Human Rights Watch a documenté 20 cas de personnes piégées sur Grindr et Facebook par les forces de sécurité, qui ont créé de faux profils pour se faire passer pour des personnes LGBT, en Égypte, en Irak et en Jordanie ; et 17 cas d’extorsion en ligne par des particuliers sur Grindr, Instagram et Facebook en Égypte, en Irak, en Jordanie et au Liban, y compris par des bandes organisées en Égypte et des groupes armés en Irak. Les six personnes qui ont signalé l’extorsion aux autorités ont elles-mêmes été arrêtées.
Human Rights Watch a documenté 26 cas de harcèlement en ligne, y compris de doxxing et d’outing, sur Facebook et Instagram en Jordanie, au Liban et en Tunisie. Les personnes LGBT concernées ont déclaré avoir perdu leur emploi, subi des violences familiales, avoir été contraintes de changer de résidence et de numéro de téléphone, et avoir supprimé leurs comptes de réseaux sociaux, avoir fui le pays et subi de graves traumatismes psychologiques. La plupart ont signalé les abus à la plateforme numérique concernée, mais aucune n’a retiré les contenus incriminés.
Le ciblage des personnes LGBT en ligne est favorisé par la fragilité de leur statut juridique, a observé Human Rights Watch. En l’absence de protections légales ou de réglementation suffisante par les plateformes numériques, tant les forces de sécurité que les particuliers ont pu s’en prendre à eux en toute impunité.

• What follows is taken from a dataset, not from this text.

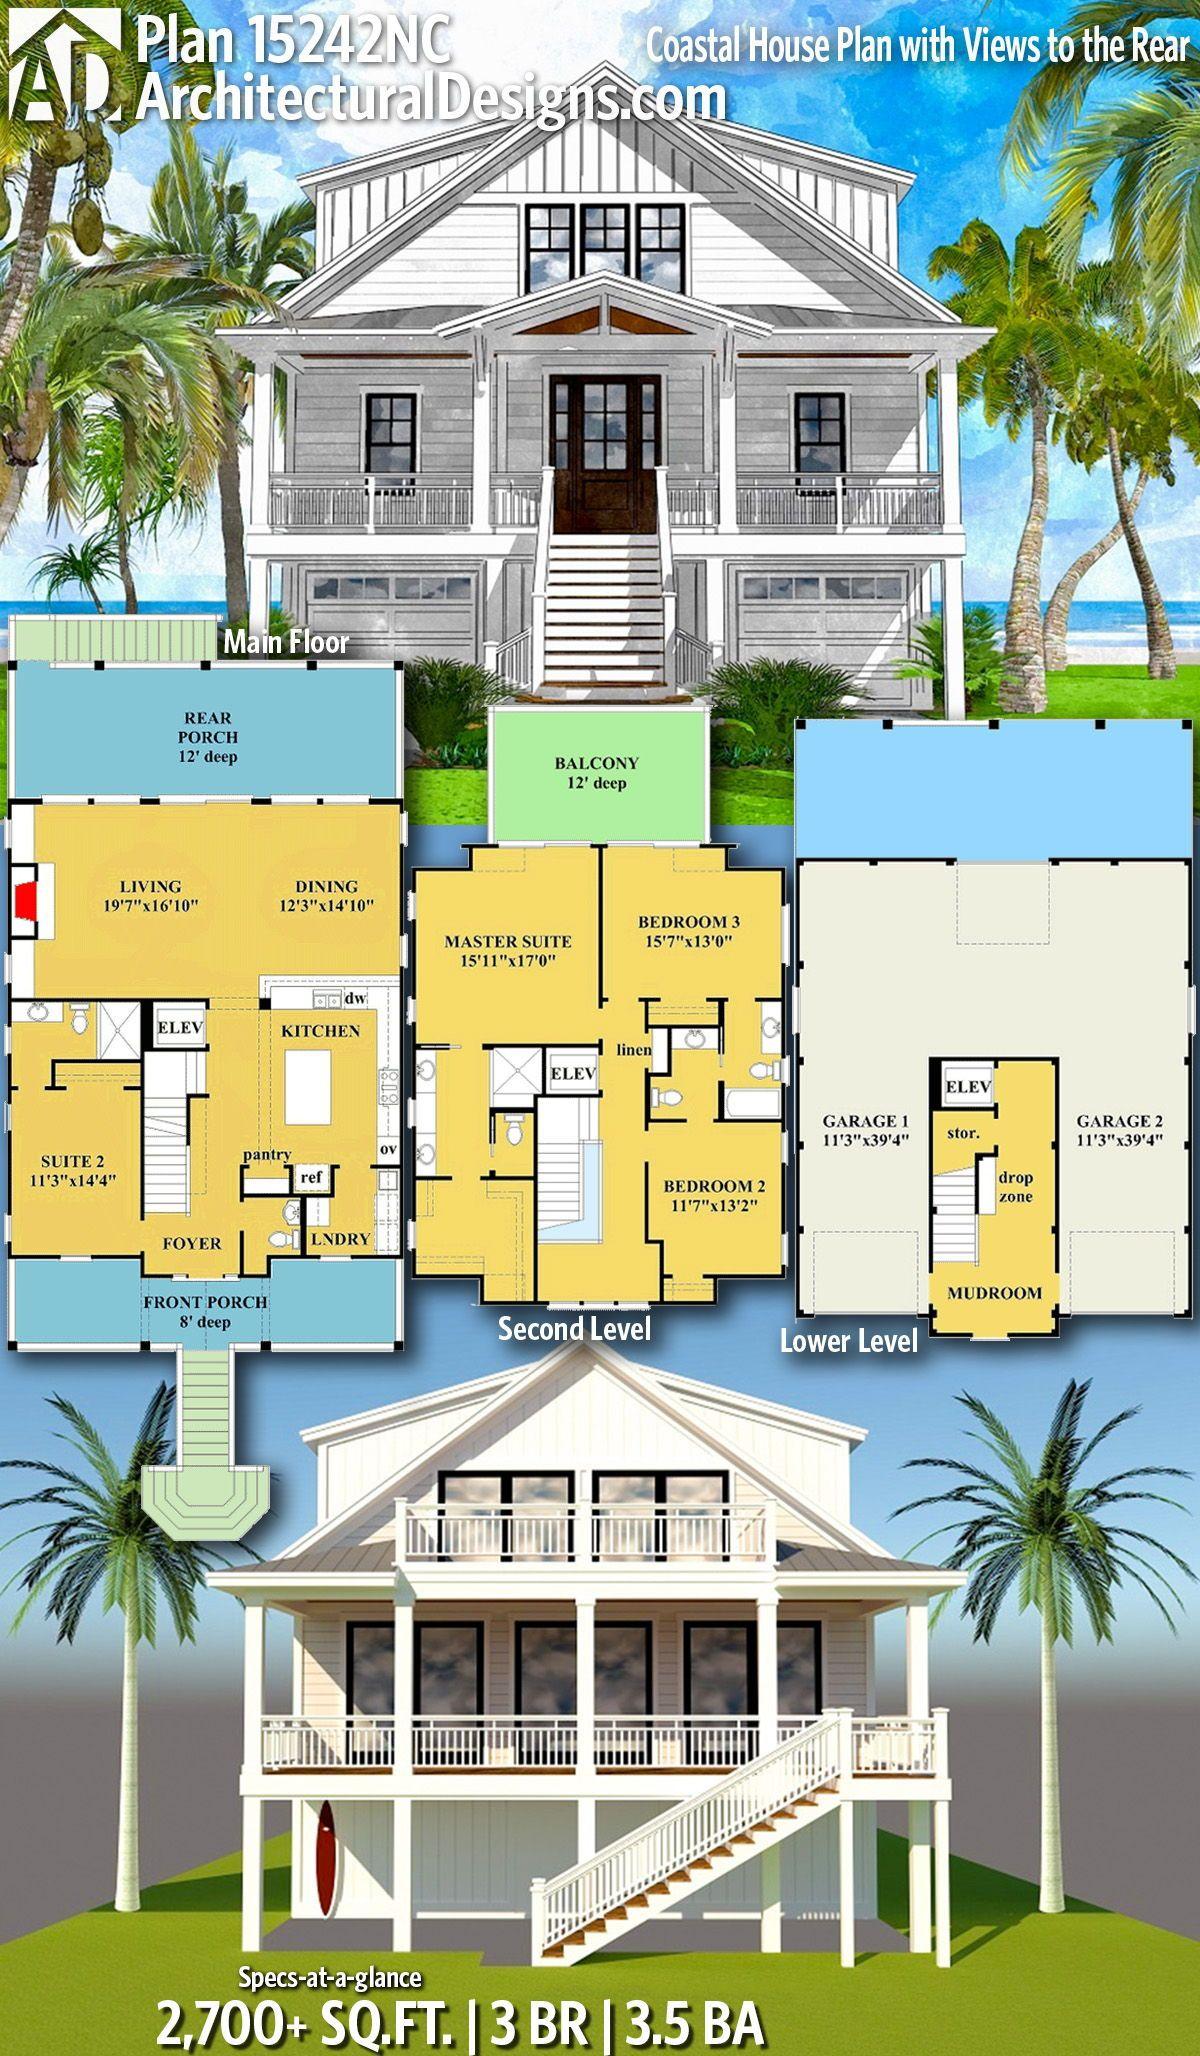 Plan 15242nc Coastal House Plan With Views To The Rear Beach House Floor Plans Beach Cottage House Plans Coastal House Plans

Selon les Principes directeurs des Nations Unies relatifs aux entreprises et aux droits de l’homme, les réseaux sociaux ont la responsabilité de respecter les droits humains, notamment ceux à la non-discrimination, à la vie privée et à la liberté d’expression. Les plateformes numériques, telles que Meta (Facebook, Instagram), et Grindr, sont insuffisamment proactives pour protéger les utilisateurs vulnérables au ciblage en ligne, a déclaré Human Rights Watch.

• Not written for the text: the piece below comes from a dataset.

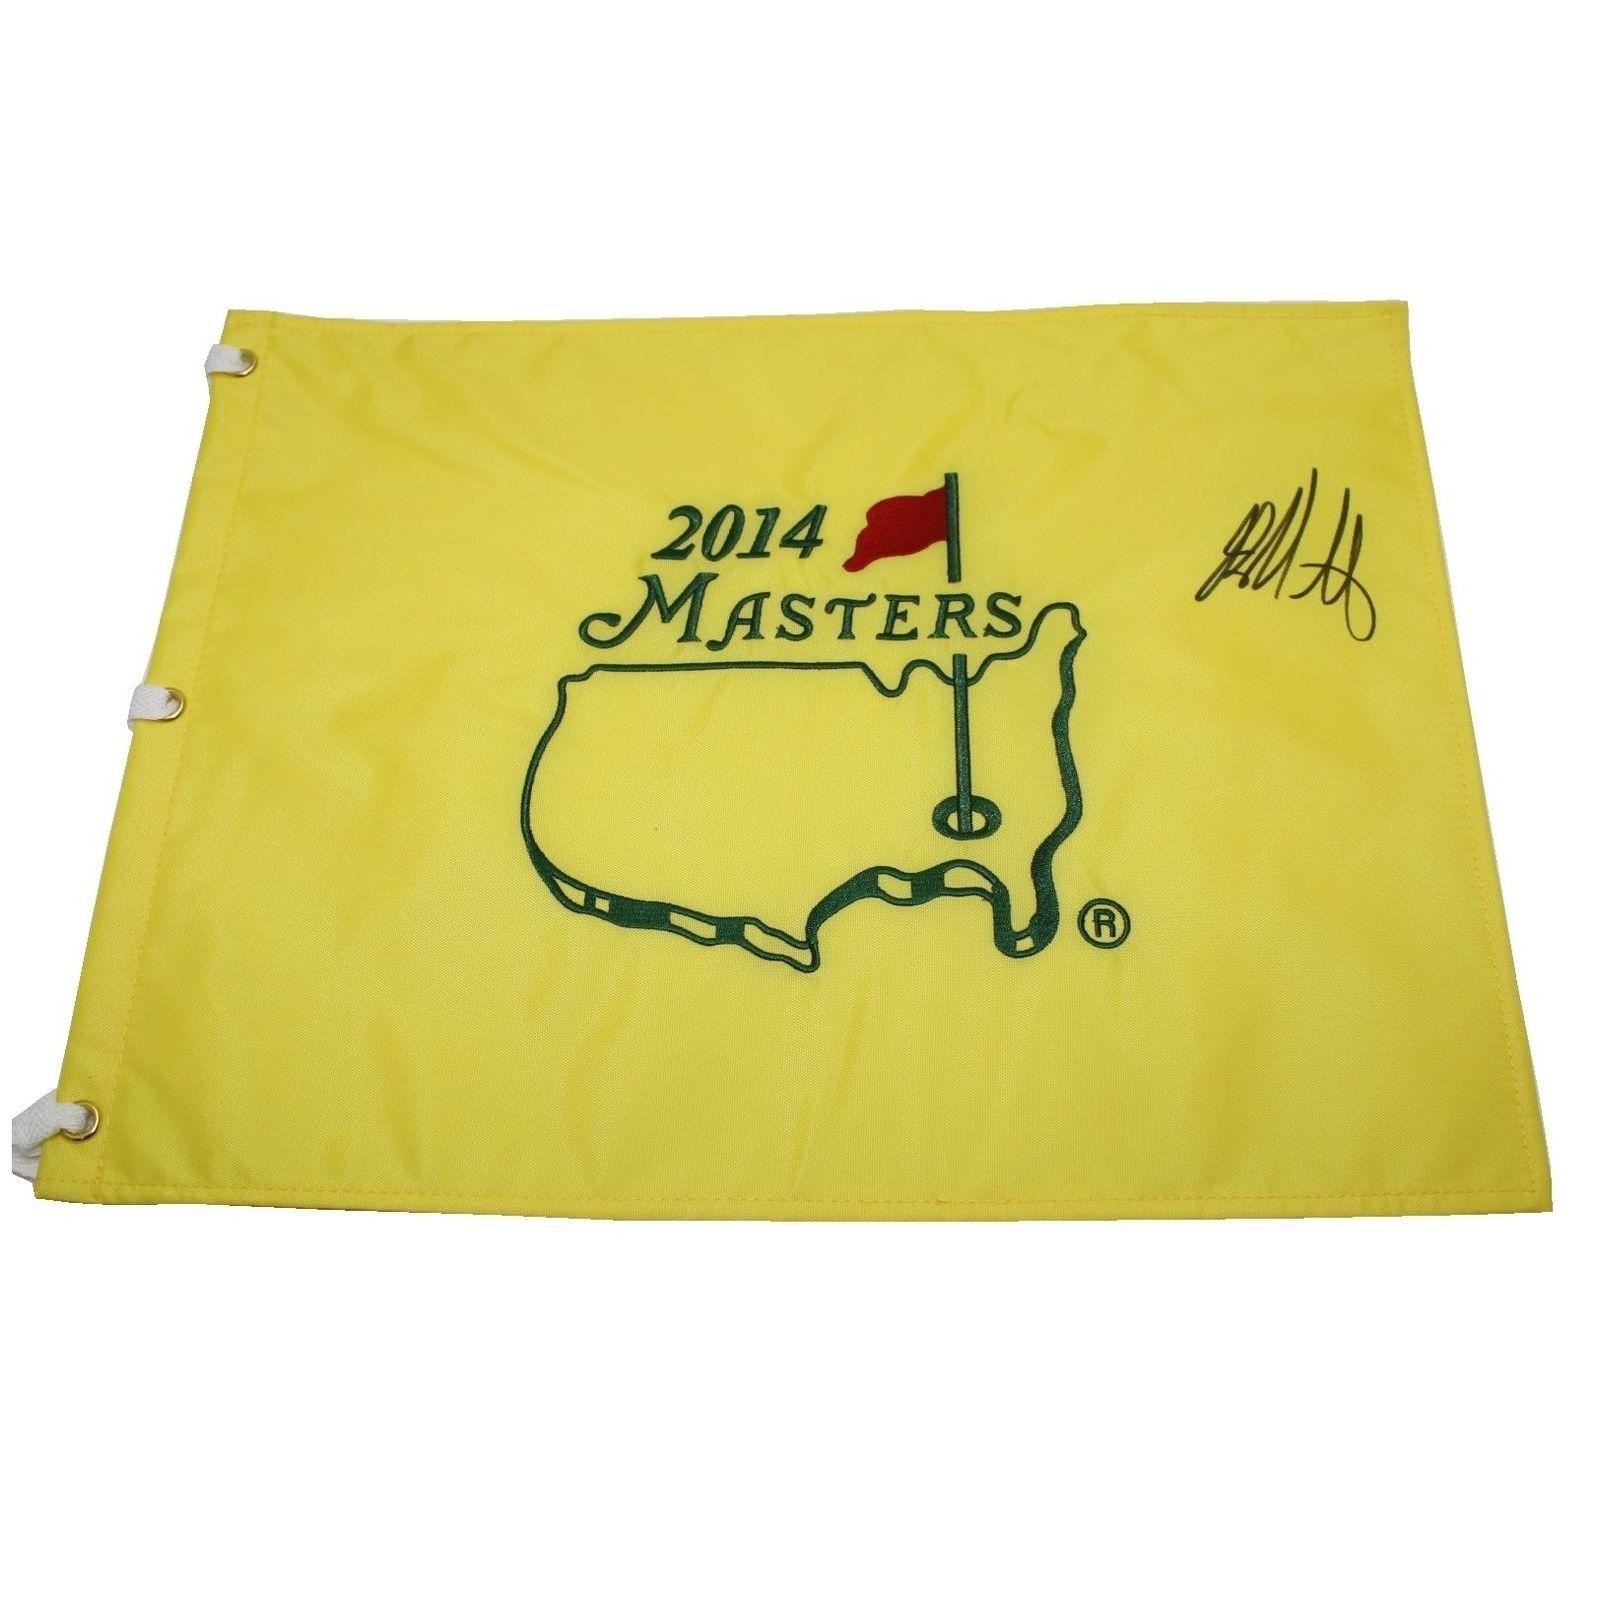 Bubba Watson Masters Flag - 9196a_lg.jpeg

Les plateformes numériques devraient investir dans la modération de contenus, en particulier en langue arabe, en supprimant rapidement ceux qui sont abusifs ainsi que ceux qui pourraient mettre les utilisateurs en danger. Elles devraient exercer une diligence raisonnable en matière de droits humains pour identifier, prévenir, atténuer et comptabiliser les impacts négatifs potentiels et réels de ces pratiques sur les droits humains, et y remédier.
L’Égypte, l’Irak, la Jordanie, le Liban et la Tunisie ont chacun l’obligation, en vertu des droits international et régional des droits humains, de lutter contre les violations commises à l’encontre des personnes LGBT. Leurs gouvernements devraient respecter et protéger les droits des personnes LGBT au lieu de criminaliser leur expression et de les cibler en ligne, a déclaré Human Rights Watch. Ils devraient introduire et appliquer des lois protégeant les personnes de la discrimination fondée sur l’orientation sexuelle et l’identité de genre, y compris en ligne.
« Les abus en ligne visant les personnes LGBT ont des conséquences dans la vie réelle qui se répercutent tout au long de leur existence et peuvent être préjudiciables à leurs moyens de subsistance, à leur santé mentale et à leur sécurité personnelle », a conclu Rasha Younes. « Les autorités du Moyen-Orient et d’Afrique du Nord devraient cesser de s’en prendre aux personnes LGBT, en ligne et hors ligne, et les réseaux sociaux devraient atténuer les effets néfastes de ces pratiques en renforçant la protection en ligne des personnes LGBT. »
..........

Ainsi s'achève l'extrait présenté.